- **What this task involves**
The pictures are to be left out when the listing below is reproduced word for word.

- **Supplied information**
____
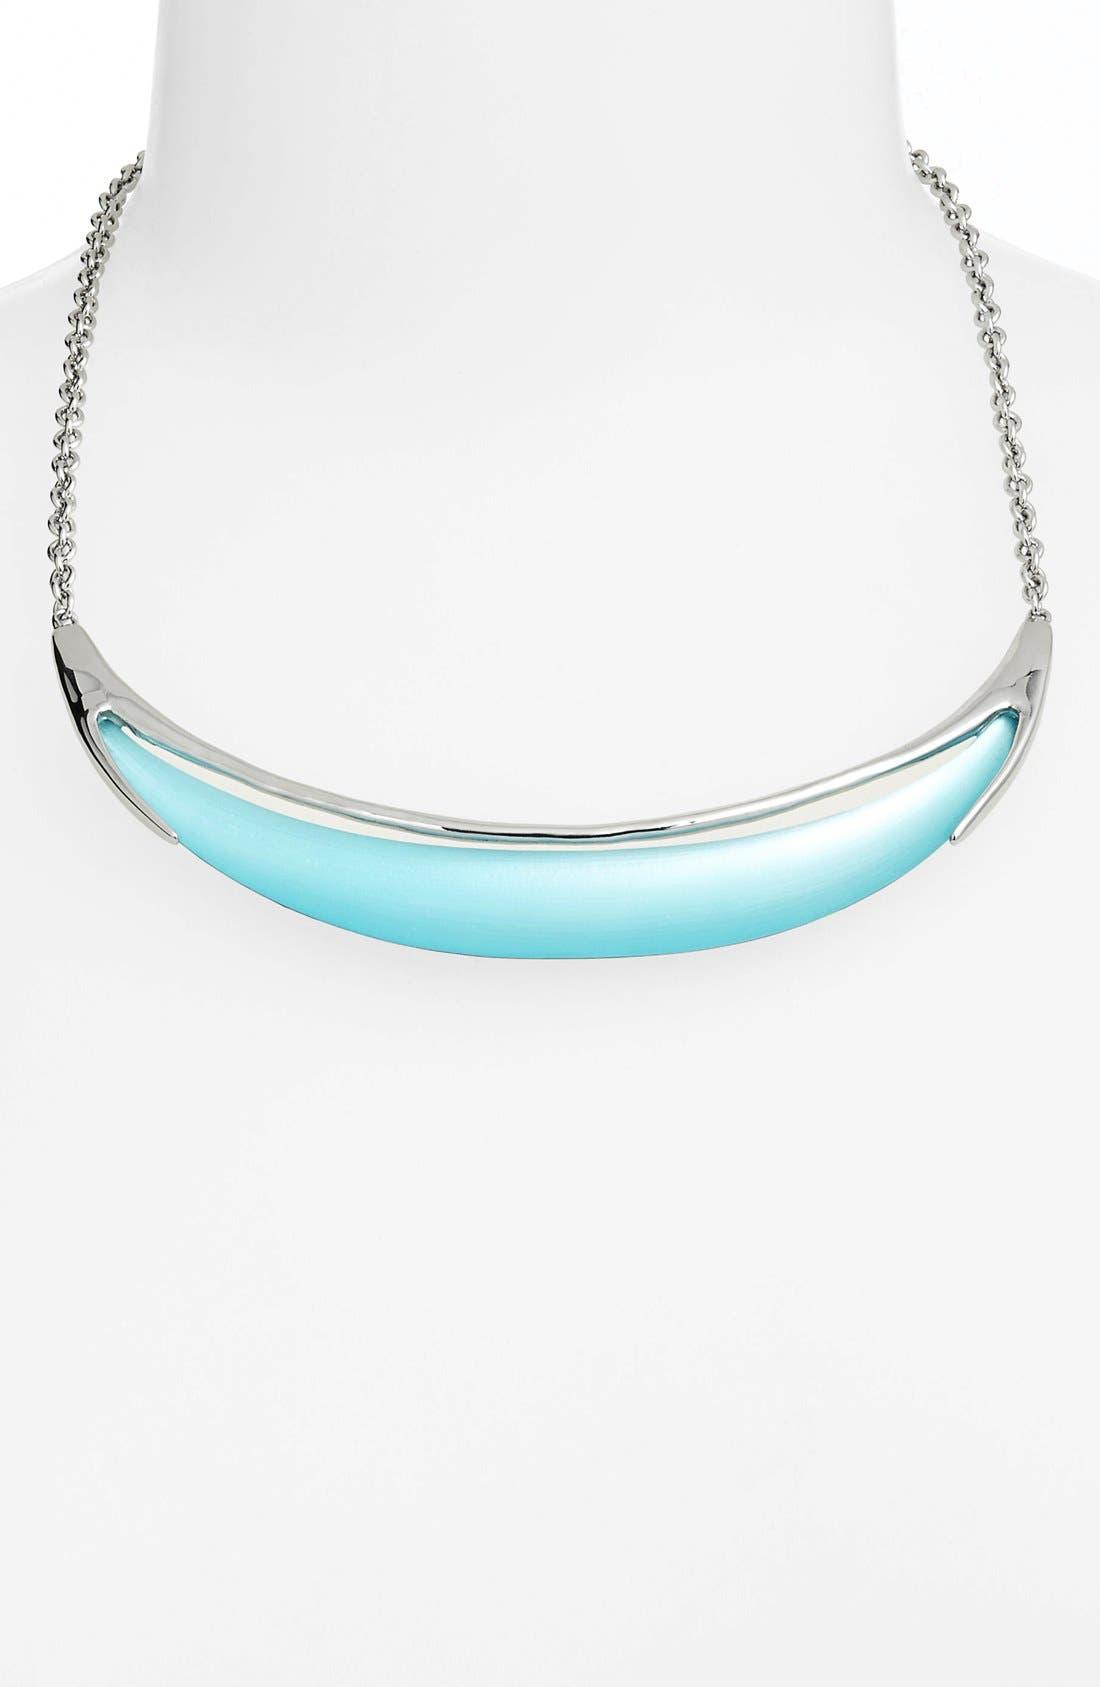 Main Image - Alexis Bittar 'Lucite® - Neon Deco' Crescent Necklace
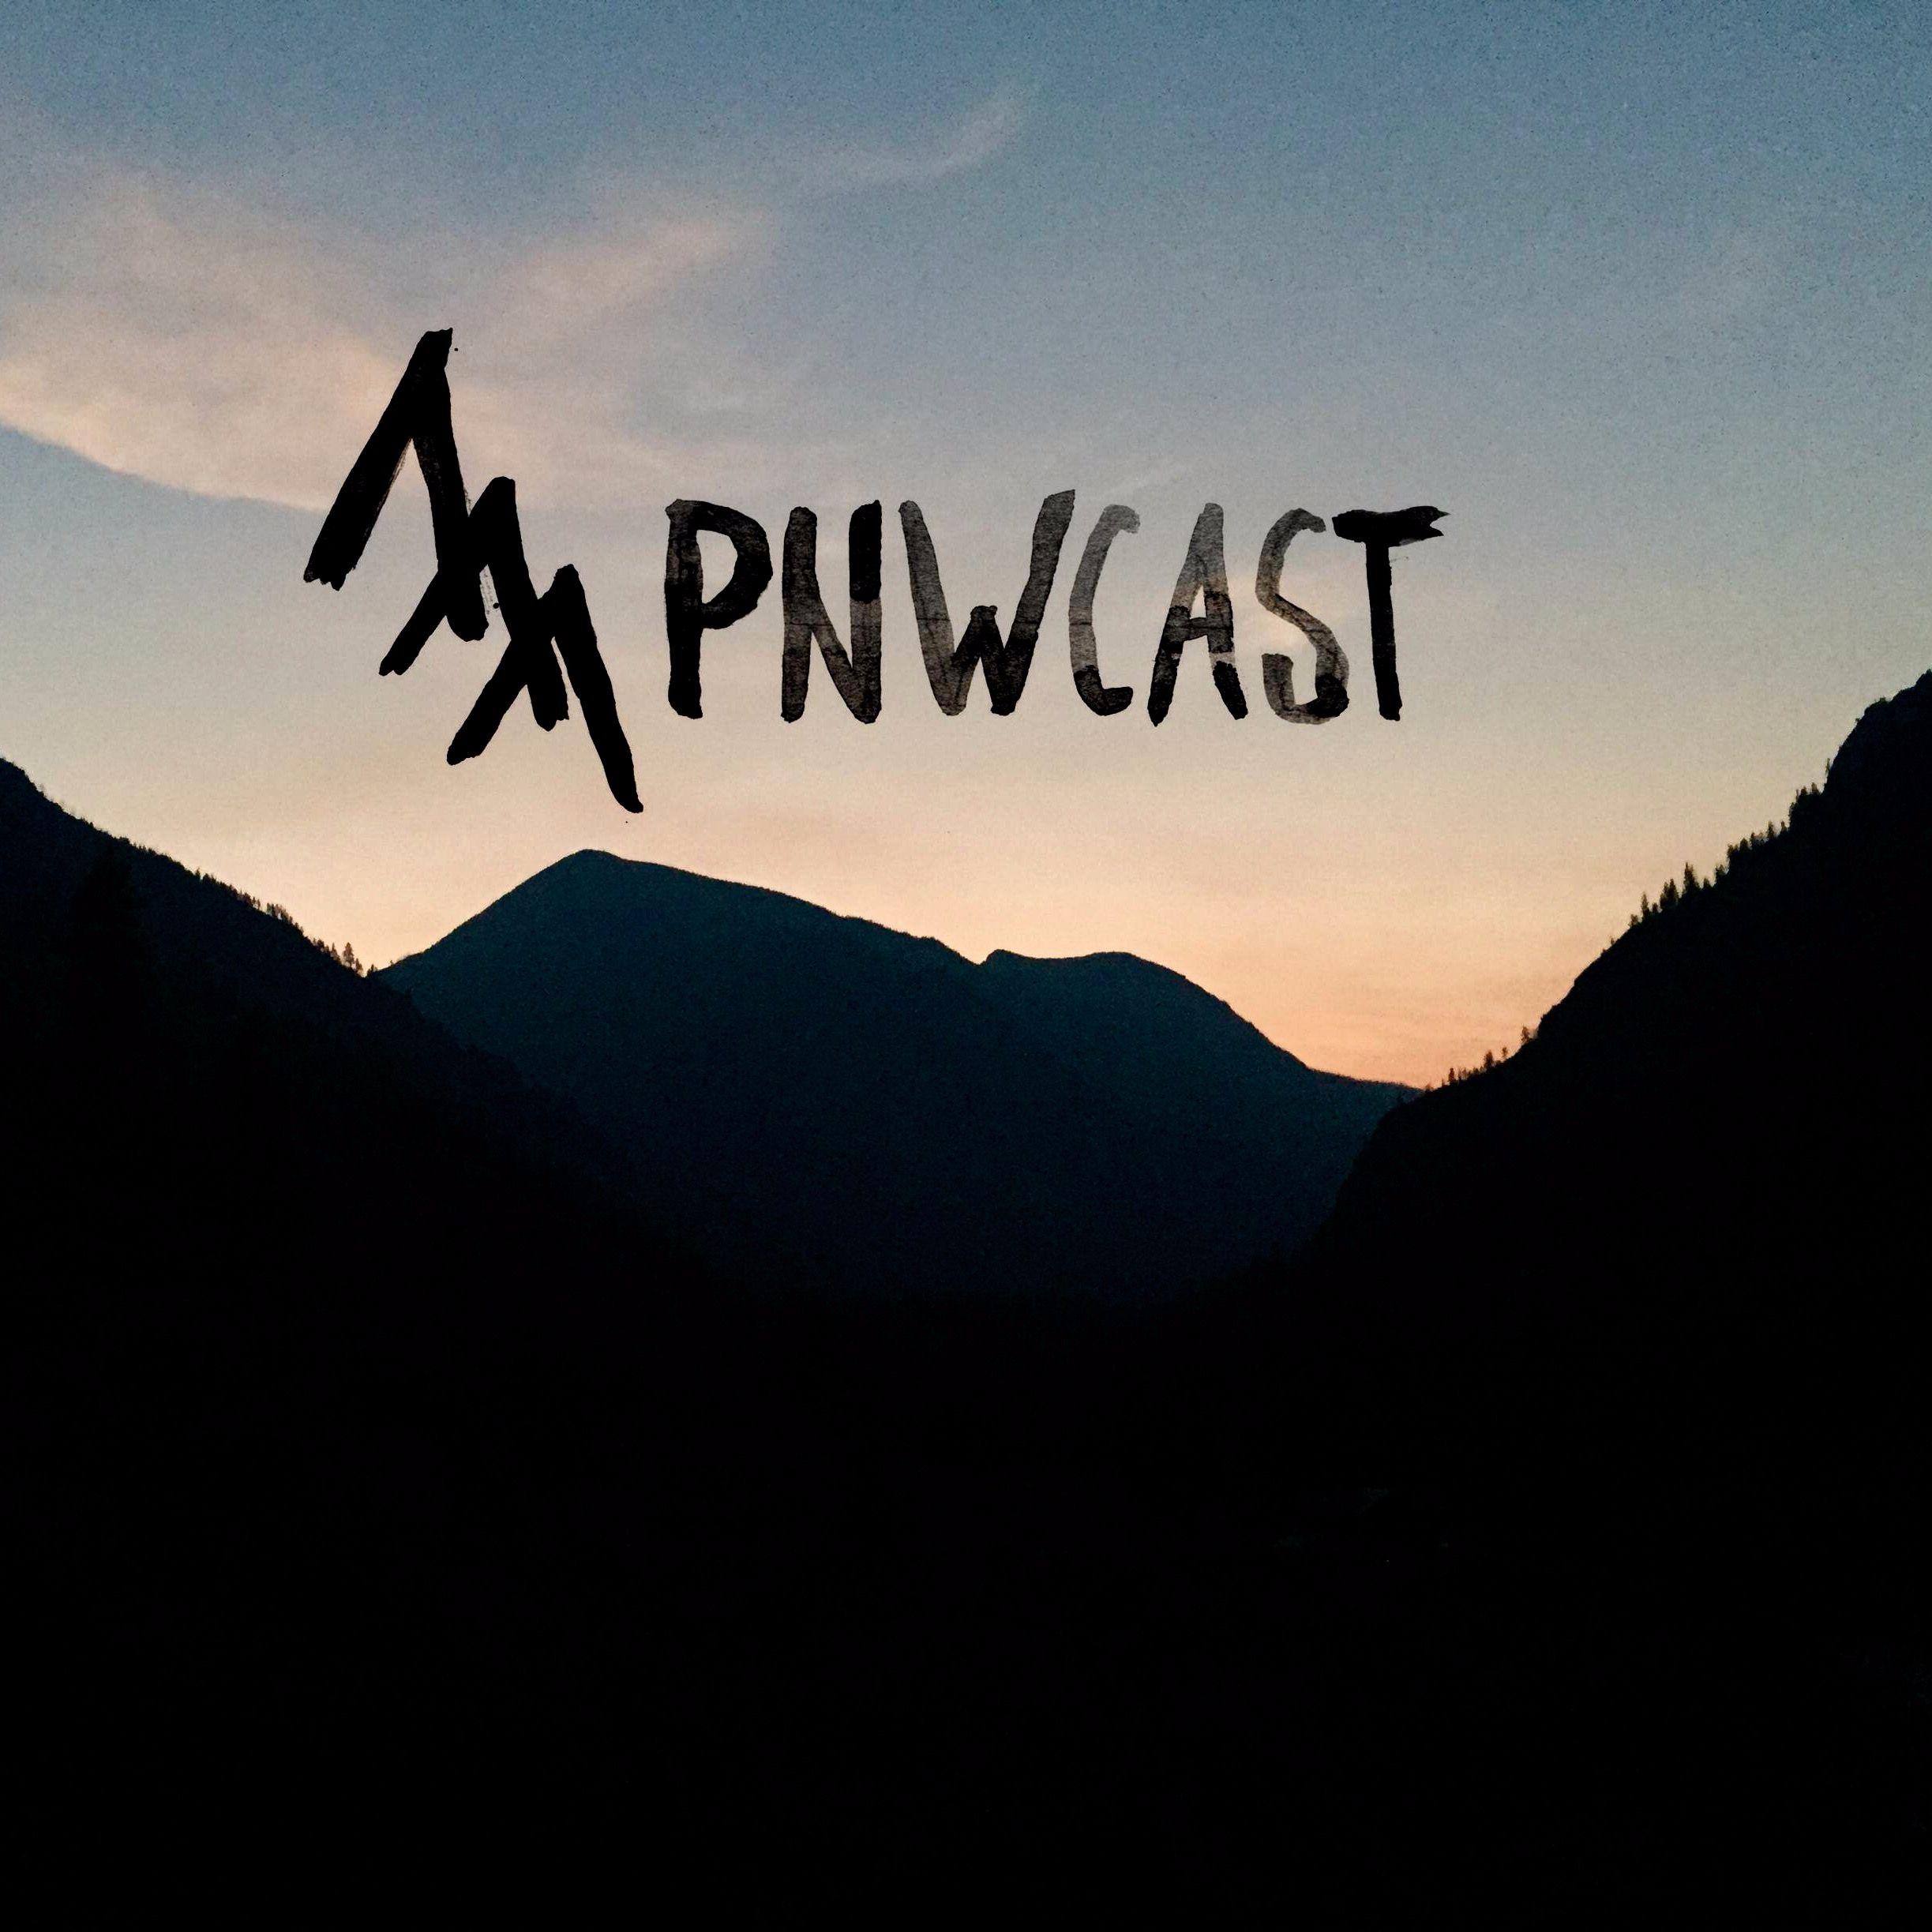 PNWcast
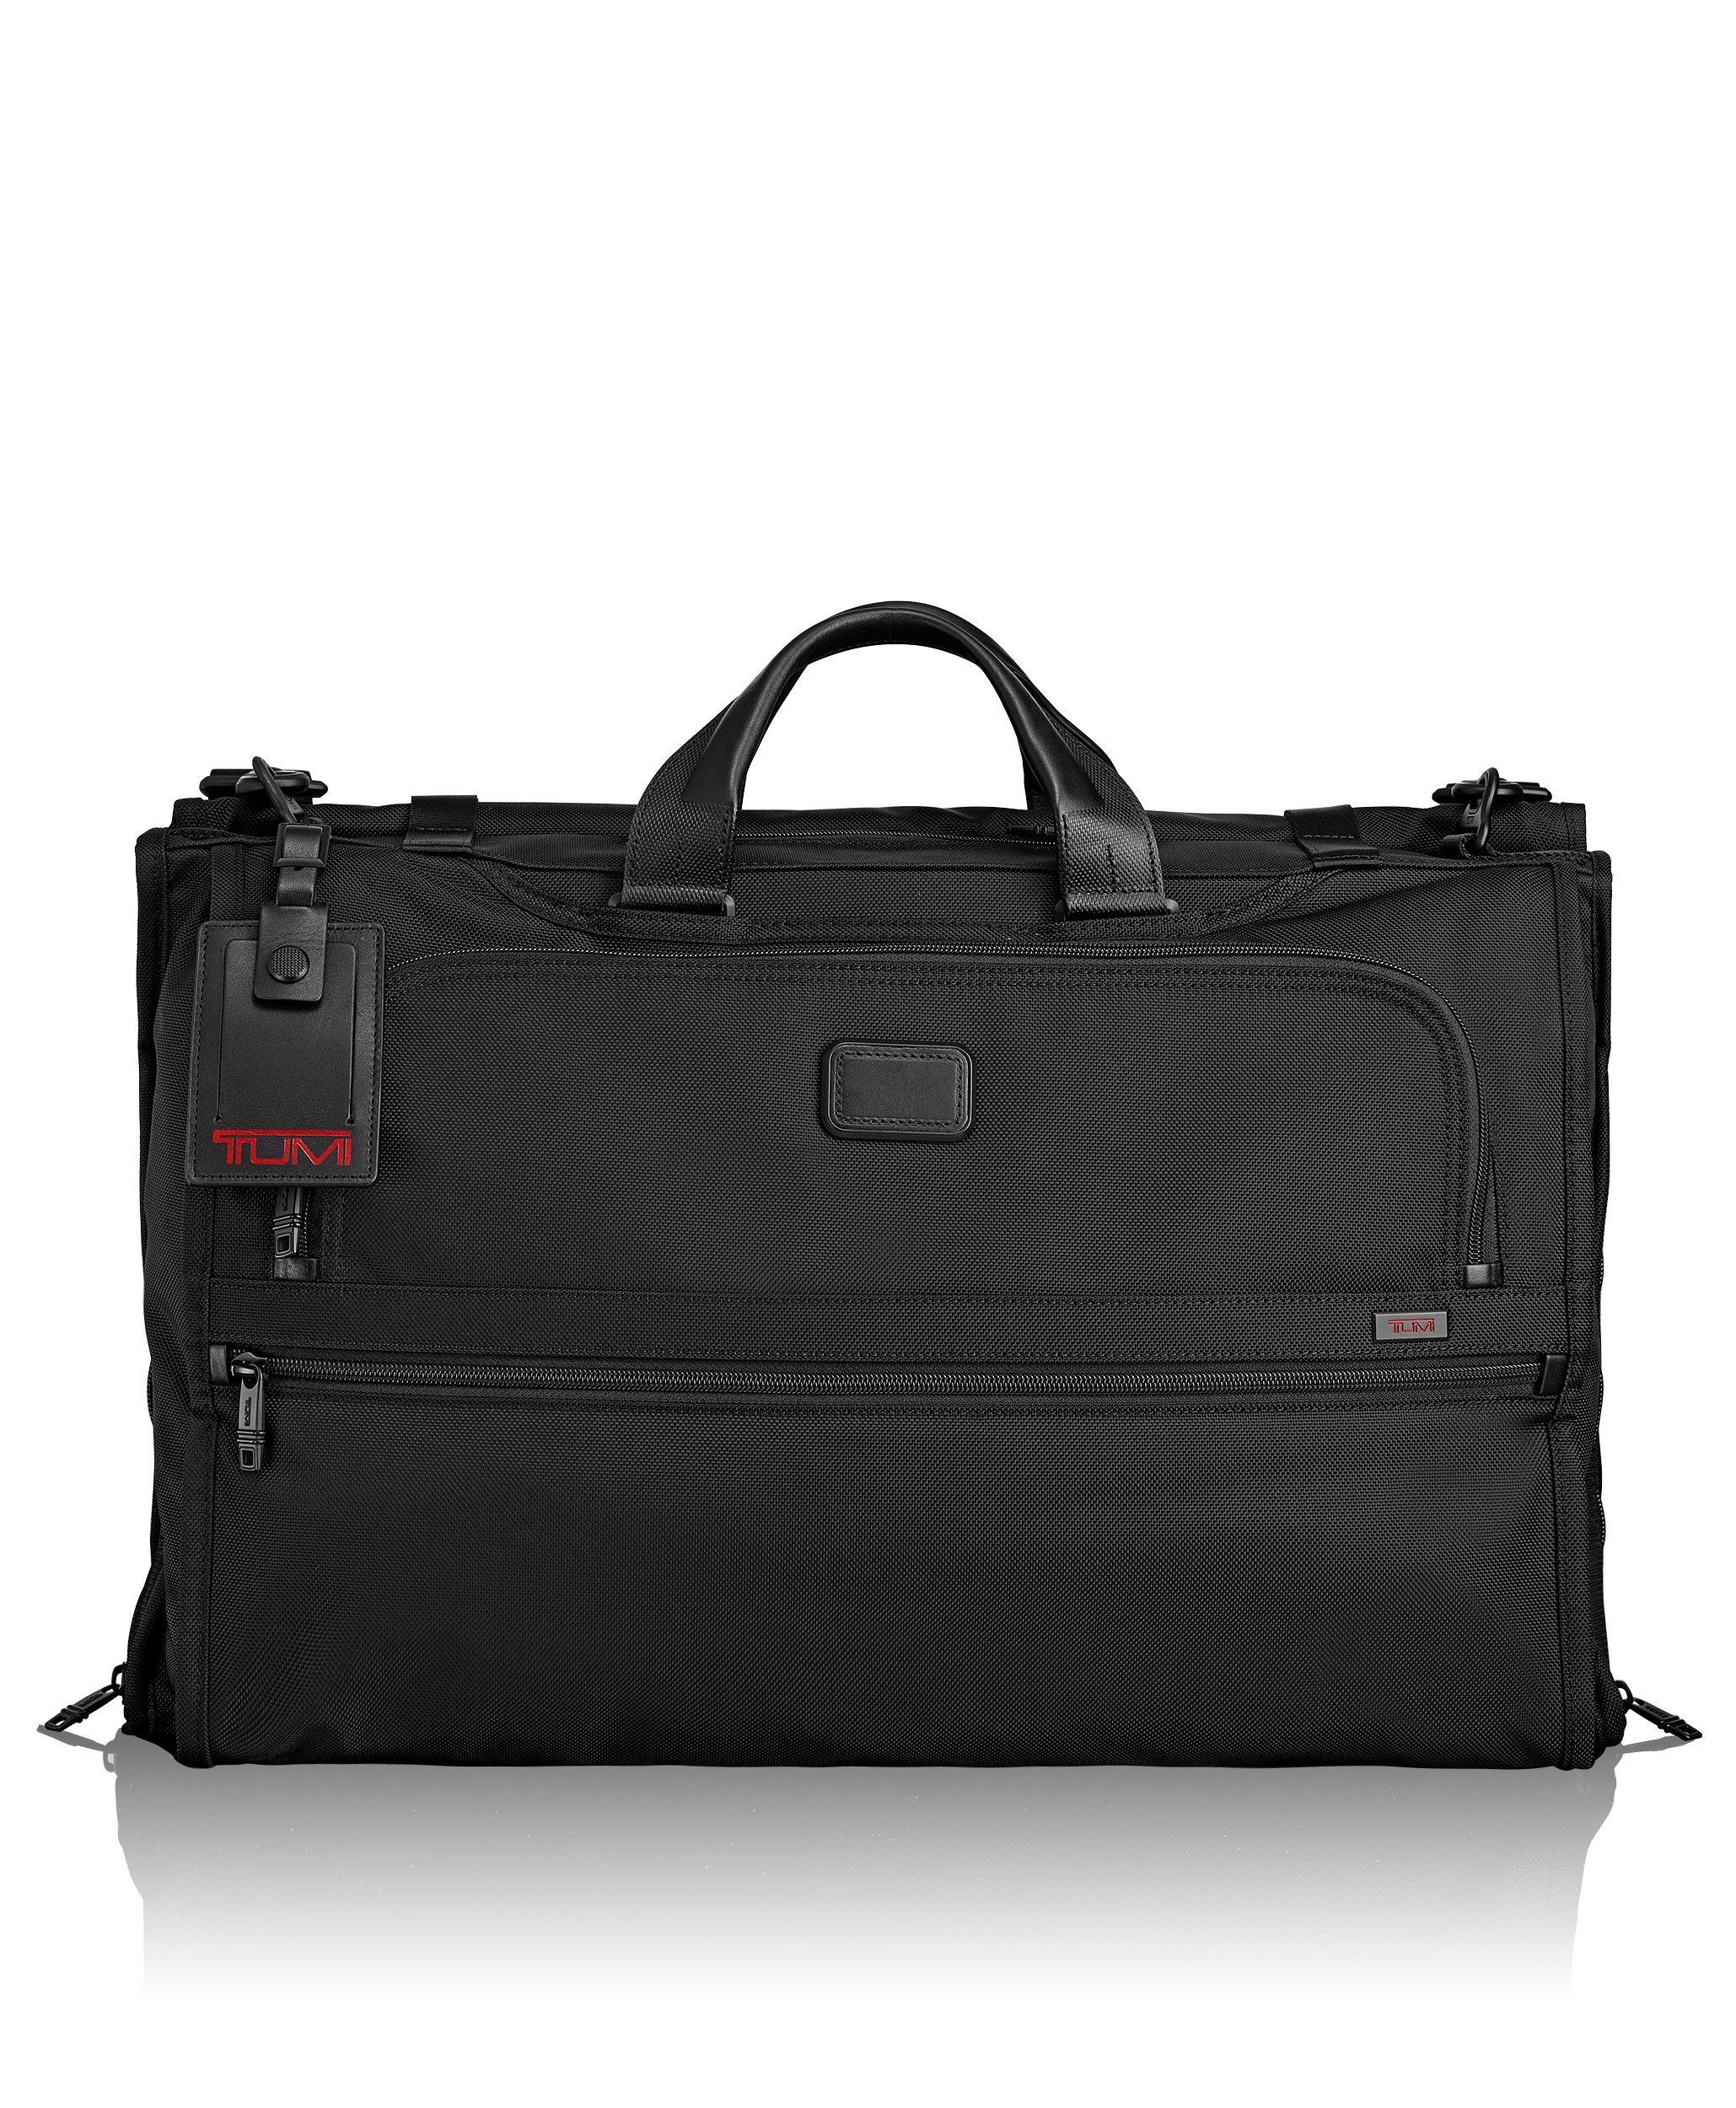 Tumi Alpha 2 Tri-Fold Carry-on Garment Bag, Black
____
- **Exercise result**
 Main Image - Alexis Bittar 'Lucite® - Neon Deco' Crescent Necklace
 PNWcast
 Tumi Alpha 2 Tri-Fold Carry-on Garment Bag, Black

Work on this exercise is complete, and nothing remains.